Adaptimmune Therapeutics, a biopharmaceutical company with U.S. operations in Philadelphia, said Tuesday that the Food and Drug Administration has granted "breakthrough therapy designation" for its TCR engineered T-cell therapy to treat cancer.

The company said the designation, intended to expedite the development and review of drugs for serious or life-threatening conditions, is based on results of a Phase 1/2 trial in patients with metastatic or recurrent synovial sarcoma who received prior chemotherapy. Synovial sarcoma is a cancer of the connective tissue around joints.

Sixty percent of the 10 patients receiving the target dose of cells responded, and there was a 50 percent overall response rate in 12 patients receiving any dose of cells, the company said.

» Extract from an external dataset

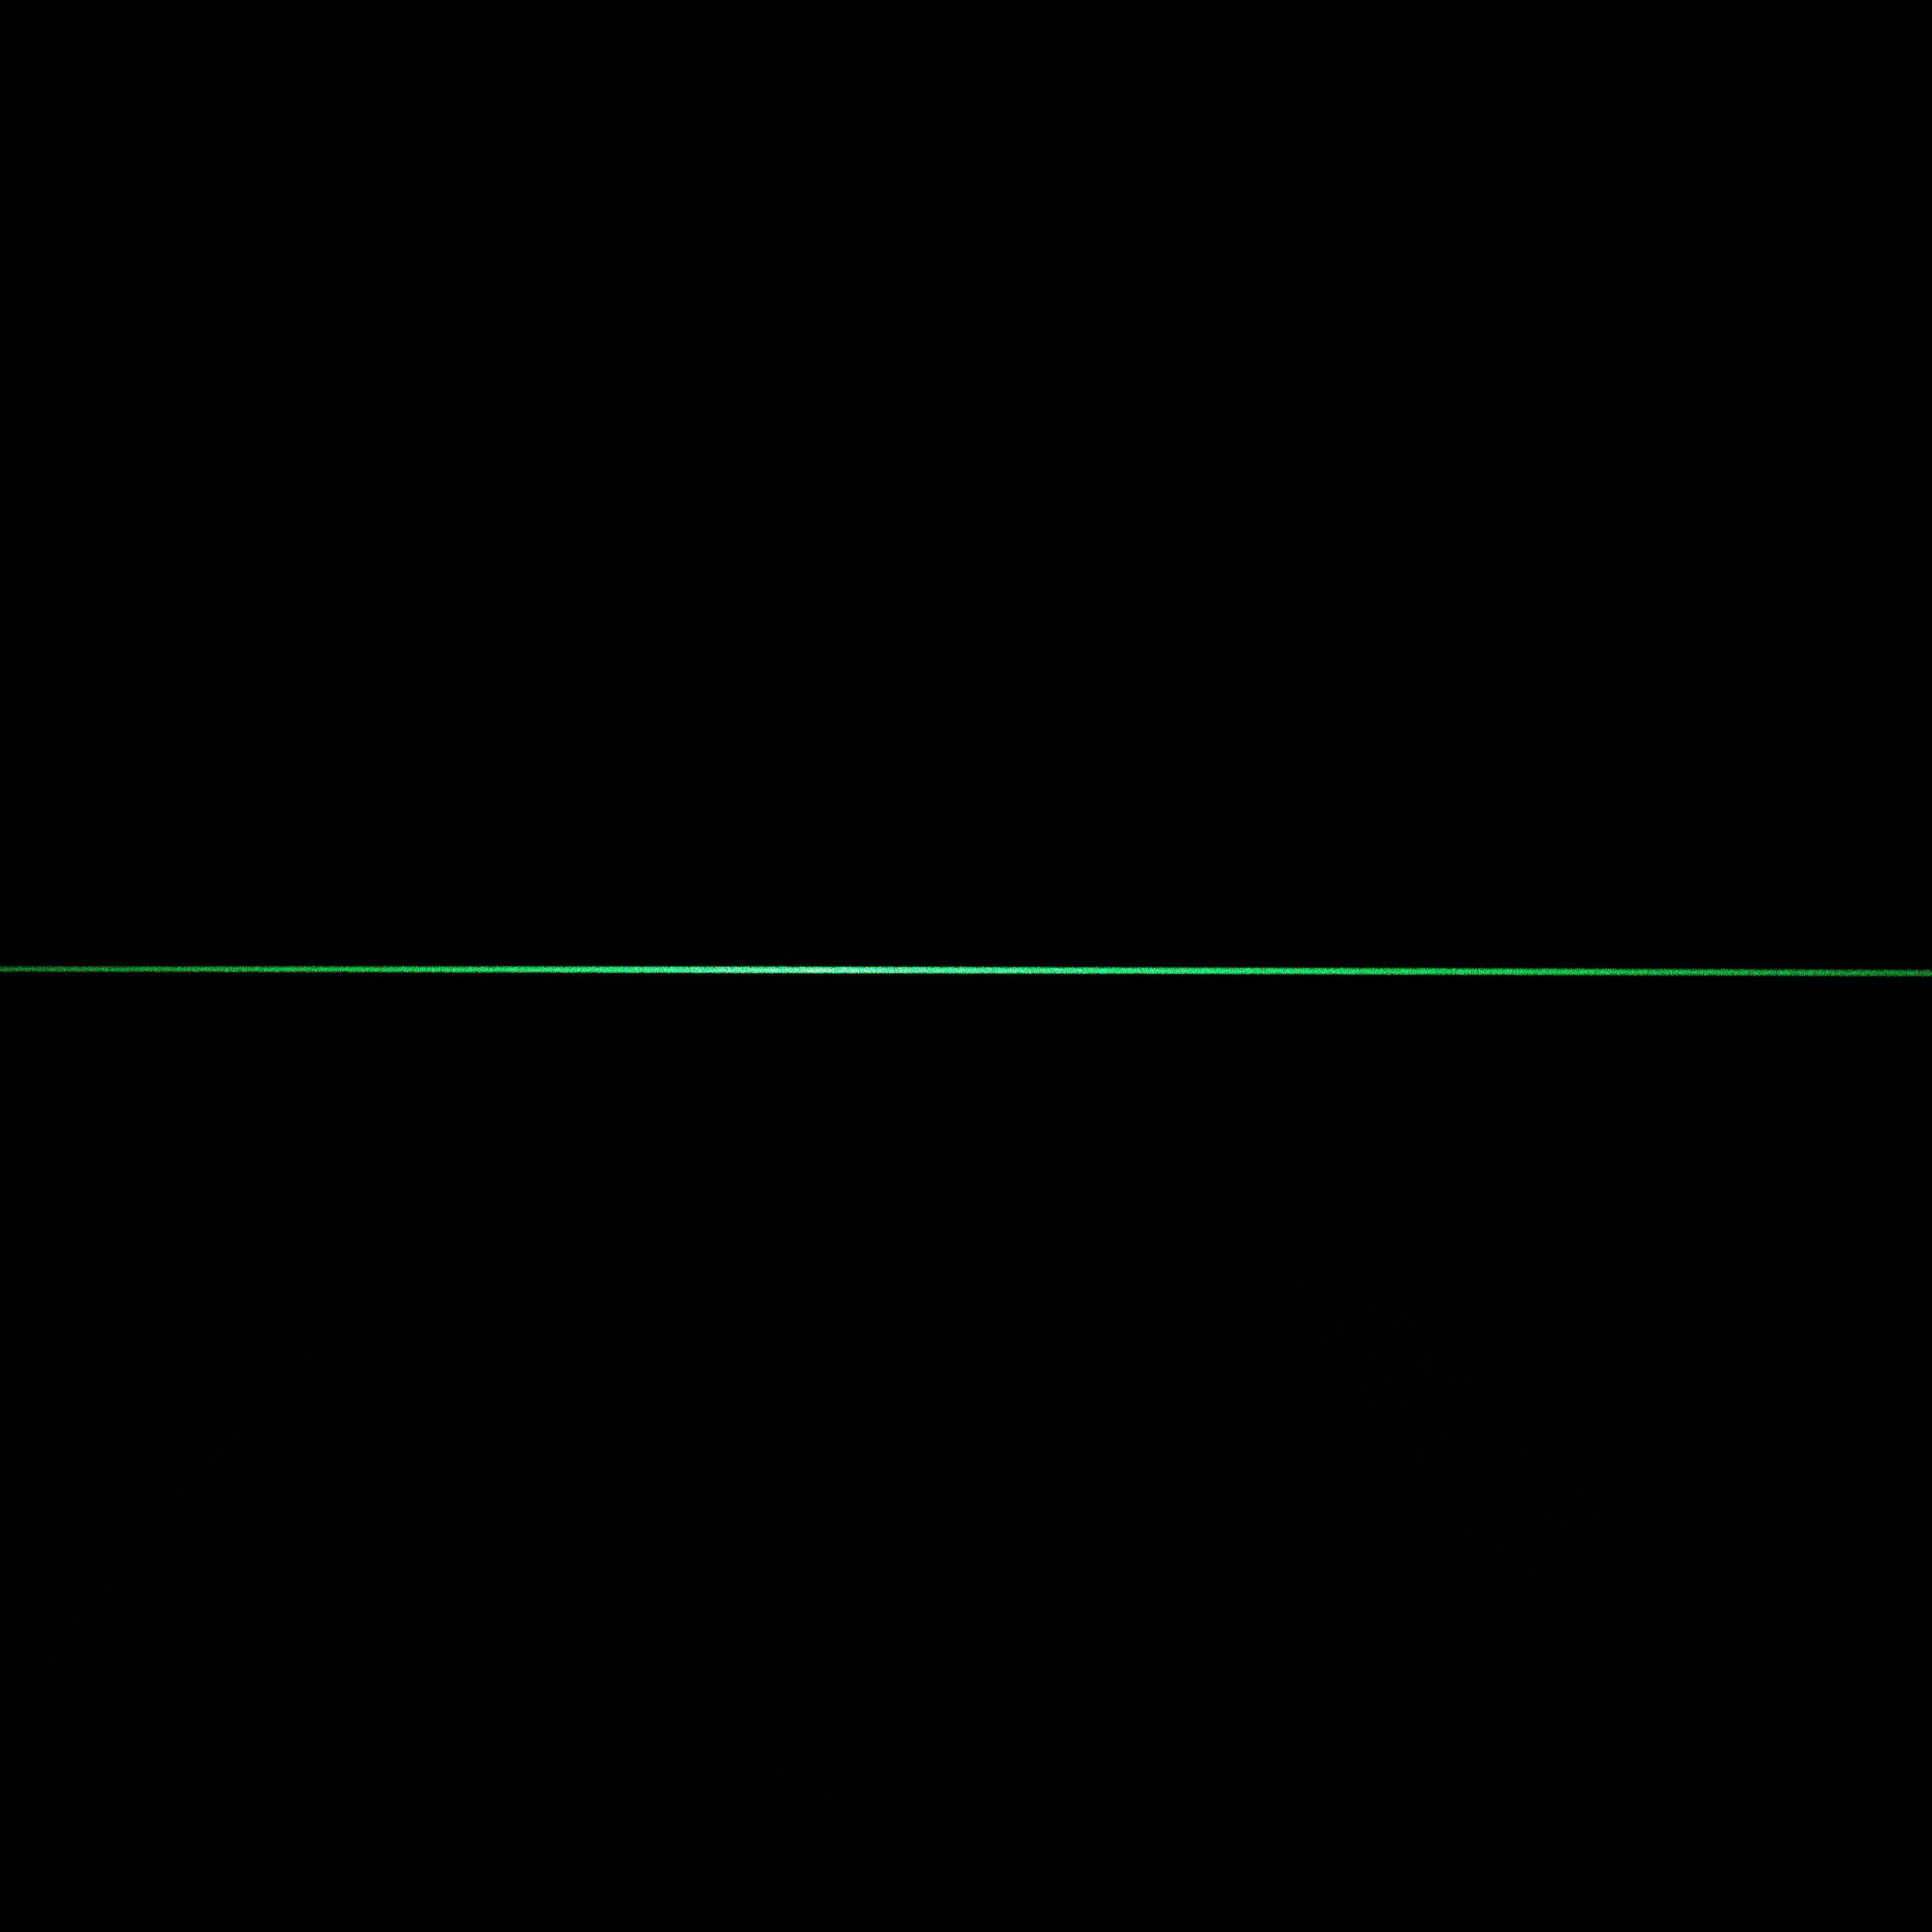 Picotronic Linienlaser grün, 532nm, 90°, 24V DC, Ø20x135 mm, Fokus einstellbar, Laserklasse 2M, M12…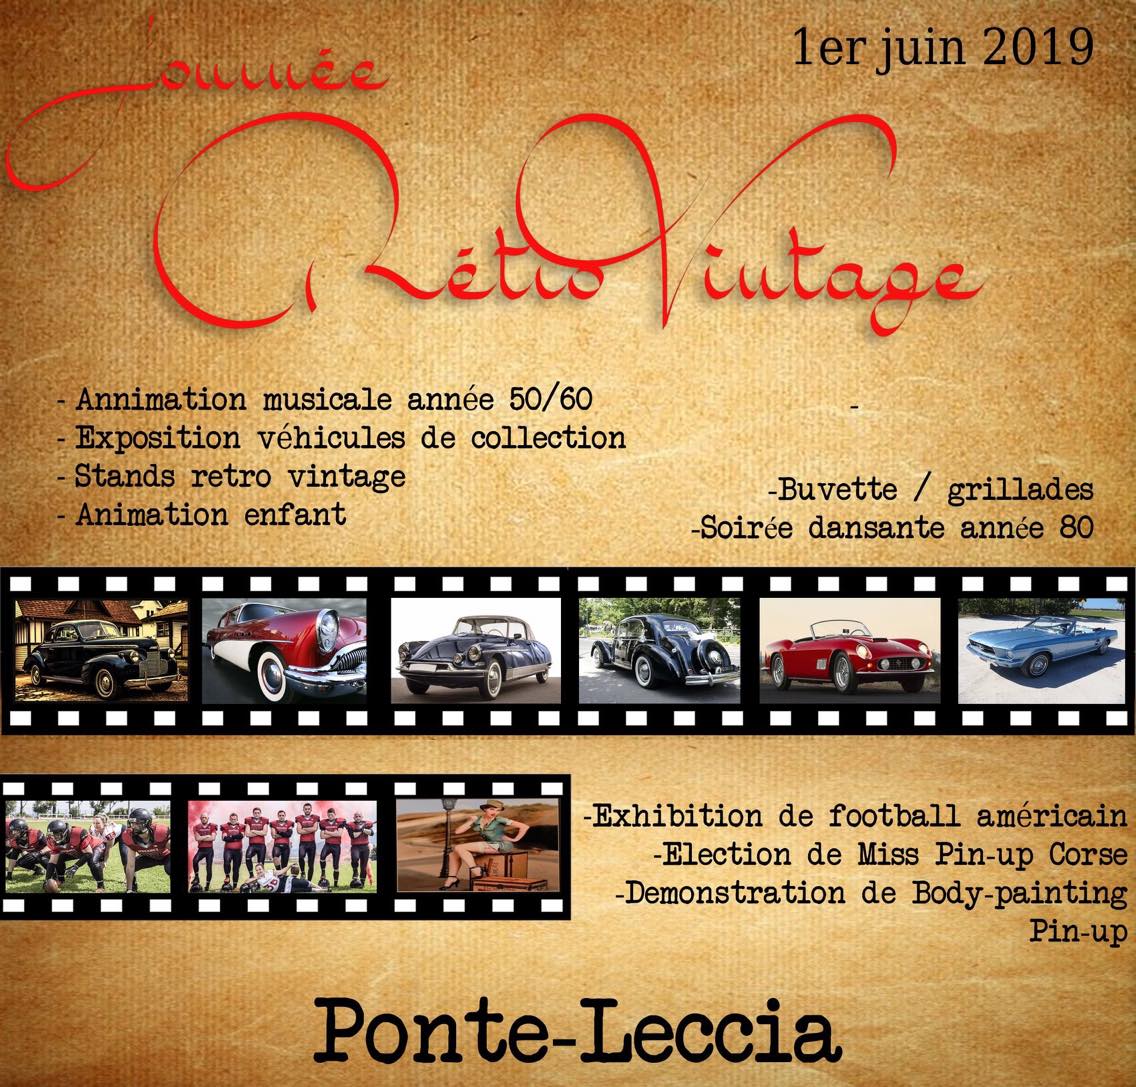 Ponte Leccia : Une journée Rétro Vintage !

Studies are also in progress with the T-cell therapy to treat myeloma, melanoma, ovarian cancer, and non-small cell lung cancer, the most prevalent type of lung cancer.

Established in 2008, Adaptimmune aims to utilize the body's own machinery - the T-cell - to target and destroy cancer cells by using engineered T-cell receptors (TCRs) as a means of strengthening natural patient T-cell responses, the company said.

Adaptimmune, which has a collaboration and licensing agreement with GlaxoSmithKline to expedite development and commercialization of the treatment, is building a 47,400-square-foot facility at the Navy Yard in South Philadelphia, which is expected to be completed in late 2016, to accommodate a manufacturing plant and its U.S. headquarters.

Adaptimmune, which has more than 200 employees, is based in Oxford, England.

"We are pleased that the FDA has granted breakthrough therapy designation for our T-cell therapy in synovial sarcoma, recognizing both the unmet need for patients suffering from this disease as well as the promise of these early data," said Rafael Amado, Adaptimmune's chief medical officer. "We look forward to working closely with the FDA to expedite the clinical development of this therapeutic candidate."


About the Designation

A breakthrough therapy is a drug:

Intended alone or in combination with one or more other drugs to treat a serious or life-threatening disease or condition and

Preliminary clinical evidence indicates that the drug may demonstrate substantial improvement over existing therapies on one or more clinically significant end points, such as substantial treatment effects observed early in clinical development.

Procedure: All requests for breakthrough therapy designation will be reviewed within 60 days of receipt, and the FDA will either grant or deny the request.

Once a drug is designated as breakthrough therapy, the FDA will expedite the development and review of that drug.